In 2014, if you are shipping freight, undoubtedly you have experienced issues finding capacity for your freight. You have read all the articles stating that truck capacity is running close to 100%. Experts in the transportation industry have been saying the increased freight volume that comes with sustained economic growth, plus other factors such as a long bout of poor weather, could create a truly critical situation. That is why it is vital right now to work with a logistics expert with a focused department carrier relations department who can lock in your freight shipping rates that are truly unique to you based on your needs and shipping history.
Today we will go over the advantages of using creative multi-lane and dedicated lane freight shipping rate negotiation services provided by a 3PL.
The Commerce Department’s May 29 revised report that first-quarter GDP contracted at a 1% annual pace, the first contraction since 2011, may be the only factor that’s staving off a worst-case scenario.
This, however, is all good news to truckload carriers, which downsized during the recession and most likely will not add capacity until the supply-and-demand economics restabilize. But for shippers, this means higher rates, fewer trucks available when they need them and the negative effects all this will have on customer service.
The Producer Power Index, according to the IHS, for the LTL sector remains on an upward trend and will rise throughout the year, albeit at a subdued rate. LTL rates will increase 2.4 percent in 2014, after having risen by 3.1 percent last year. IHS expects price growth to reach 3.2 percent in 2015.
What’s a shipper to do? The solution is to embrace expert logistics services from a third party logistics company (3PL), perhaps for the first time, to expertly handle all things related to shipping and freight management, like locking in customized unique freight shipping rates.
Just as home buyers are trying to lock in today’s low mortgage rates, shippers need to take a page from that playbook. The way it looks now, rates are only going to get higher and available trucking capacity more scarce. Shippers should investigate why 3PL usage is growing in popularity and how it can help them control costs and grow businesses.
In a normal environment, where a healthy amount of truck supply is available, shippers have the leverage. Those that implement transportation management systems internally are finding more carriers are turning down freight or may not be able to satisfy windows of delivery as easily as before. Those that stay focused on their core and choose to outsource the function to 3PLs to secure freight shipping rates are finding more success and have many additional freight management advantages.
All of these issues can be erased in the 3PL outsourcing scenario. The following are the advantages of using a 3PL to not only lock in freight shipping rates, but enjoy many other benefits that help save on both hard and soft costs as it pertains to total freight and transportation costs.
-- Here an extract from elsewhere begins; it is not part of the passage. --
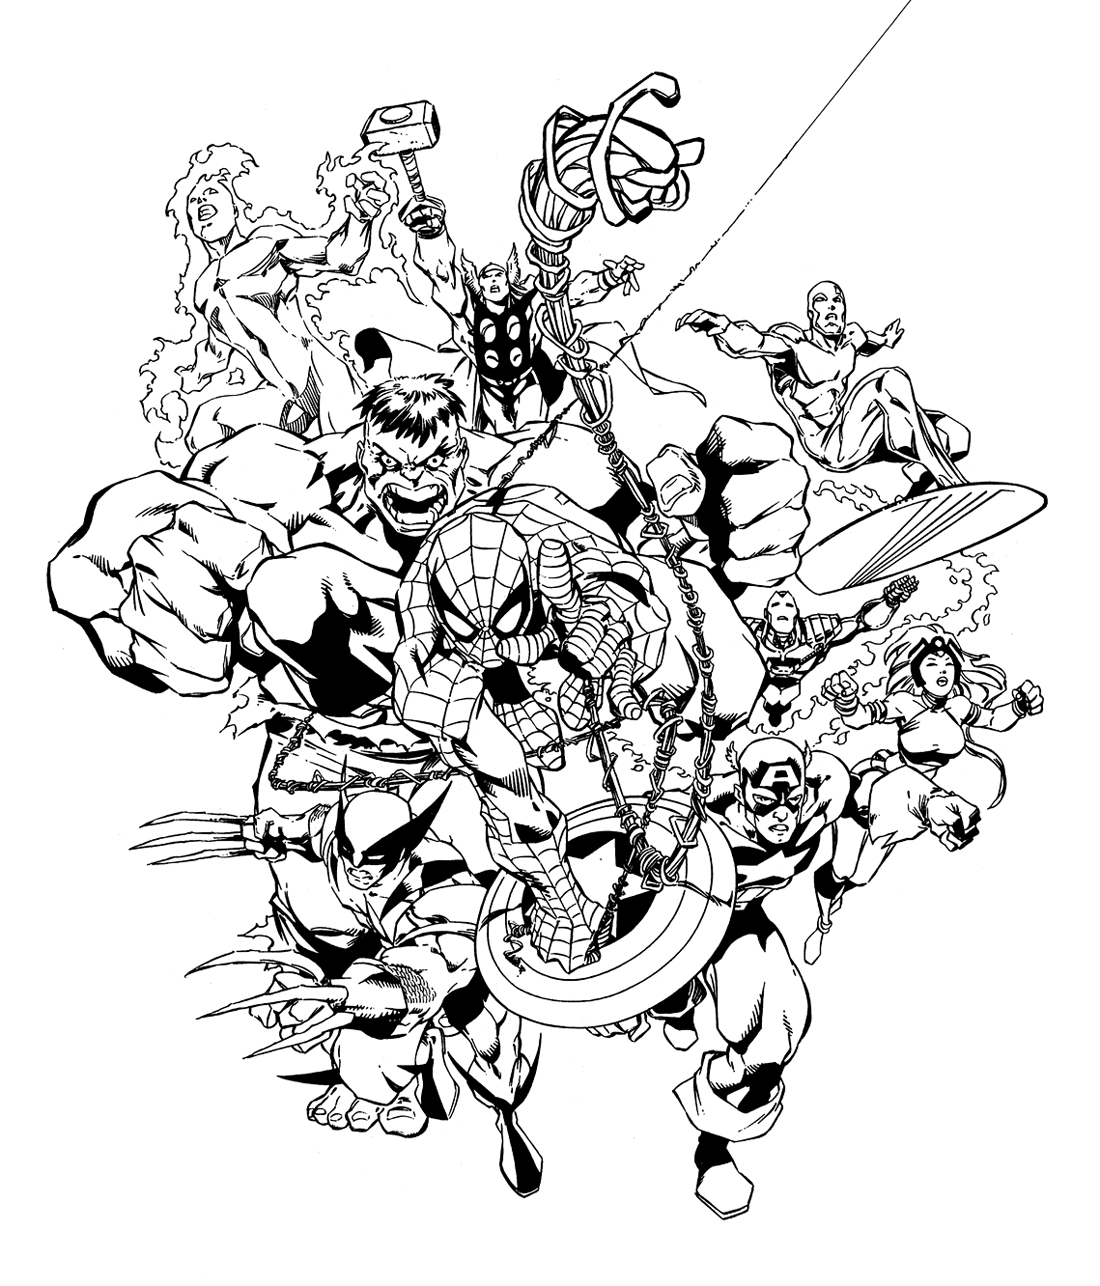 Free Avengers coloring pages to download - Avengers Kids Coloring Pages

An expert 3PL with tens of thousands of man hours in establishing and negotiating rates with LTL and truckload freight carriers is armed and prepared to deal with any negotiation for your lanes’ freight shipping rates. Most 3PL freight partners have formed direct relationships with a multitude of regional and national carriers. By aggregating the freight volume of many small- to medium-sized businesses, they are able to negotiate better discount rates and terms than some businesses might be able to establish on their own.
The 3PL carrier relations team will take a unique look at the shippers’ overall needs and objectives, and then tailor freight shipping rates programs to fit specific business strategies. The 3PL works diligently with carriers to ensure both the carrier and the customer get their needs met effectively and efficiently.
The 3PL should have such expertise and flexibility that they can negotiate better rates due to their volume, but also after running an historical freight invoice analysis, able to get specific pricing for the shipper by asking many carriers for a request for pricing or “RFP.” These rates are then loaded into the transportation management system, and when the shipper is ready to ship, they simply have to choose the carrier based on transit time, limit of liability, and of course the quote for shipment.
Besides offering deep discounts off the carriers’ base rates, a 3PL freight partner can provide additional value-added services, sometimes at no additional cost. These
services are designed to lower your overall logistics expenses. Some of the operational features can include:
Given the real capacity crunch which is driving up rates, and the fact that LTL freight carriers are also starting to add more services, which are driving up rates, and with a recovering economy, look towards increasing rates over the next few years, it may be time to start handing over your in house management of freight shipping rates, and freight management, to an expert third party logistics company.